Not only registered Community designs, but also unregistered designs have protection when they are disclosed in the European Union. Unlike registered designs, unregistered Community designs provide a more limited scope of rights – they only protect against copying. Even an identical work cannot infringe an unregistered Community design if it was independently created.
The most important requirement for a community design is to have ‘individual character’. Every design that is created has protection, as long as it has ‘individual character’. This means that the overall impression of the design must be different to the ‘informed consumer’ than designs made previously made available to the public. The ‘informed user’ was not defined in the EU regulation.
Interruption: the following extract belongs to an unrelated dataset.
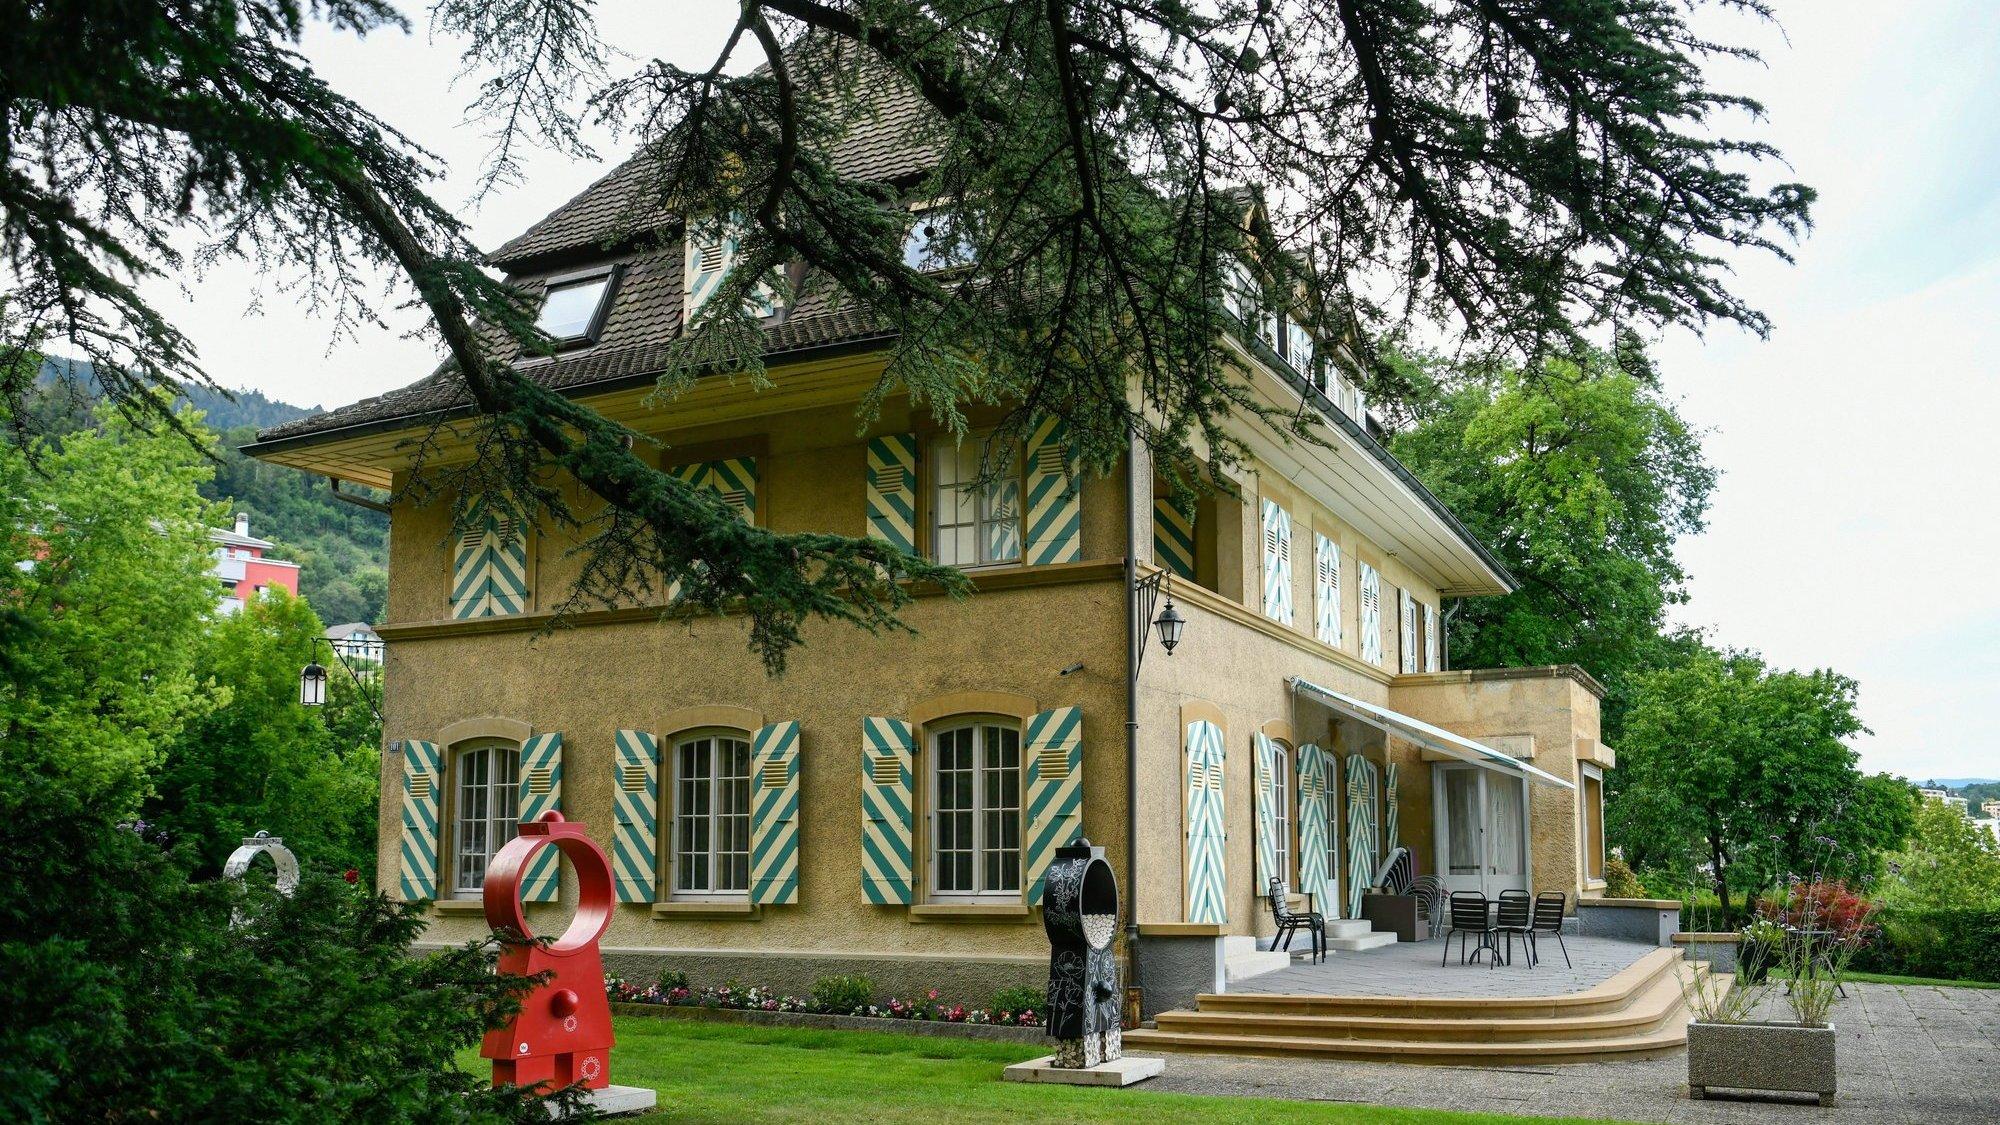 Propriété de la Ville de Neuchâtel, la Villa Lardy accueillera du théâtre et de la danse cet été.

In the PepsiCo case the European Court of Justice has established an approach to the ‘informed user’. The ECJ stated that the informed user possesses a certain degree of knowledge with regard to the features which those designs normally include and shows a relatively high degree of attention when he uses them.
In a recent case the ECJ established an approach on the burden of proof of the ‘individual character’. It stated that in order for a court to treat an unregistered Community design as valid, the right holder of that design is not required to prove that it has individual character, but only needs to indicate what constitutes the individual character of that design. This makes the position of an owner of an unregistered Community design quite strong. Nevertheless, the position is not as strong as if he would have a registered Community design, since the scope of rights is very limited and only protects against copying.
The owner of a registered Community design has the possibility to file claims for the destruction of the goods that are infringing the design. The European Court of Justice stated that the resolution should be understood in a way that these claims are governed by the law of the Member State in which the acts of infringement or threatened infringement have been committed, including its private international law. So when starting this procedure of destruction of infringing goods, also national law should be taken into account.
The European Court of Justice also explained what is meant by the notion ‘prevent any third party from using the design’ in the regulation. According to the ECJ a third party can also be a holder of a later registered Community design. This means that when your design is registered in the Community, it is widely protected.
In the end it pays off to have a registered Community design, because the protection is very wide. The position of an owner of a registered Community design is much stronger than the position of someone who has an unregistered Community design. An unregistered Community design lasts for a period of 3 years from the date on which the design was first made available to the public within the Community. A registered Community design lasts for up to 25 years from the date on which an application for registration was filed, subject to the payment of maintenance fees.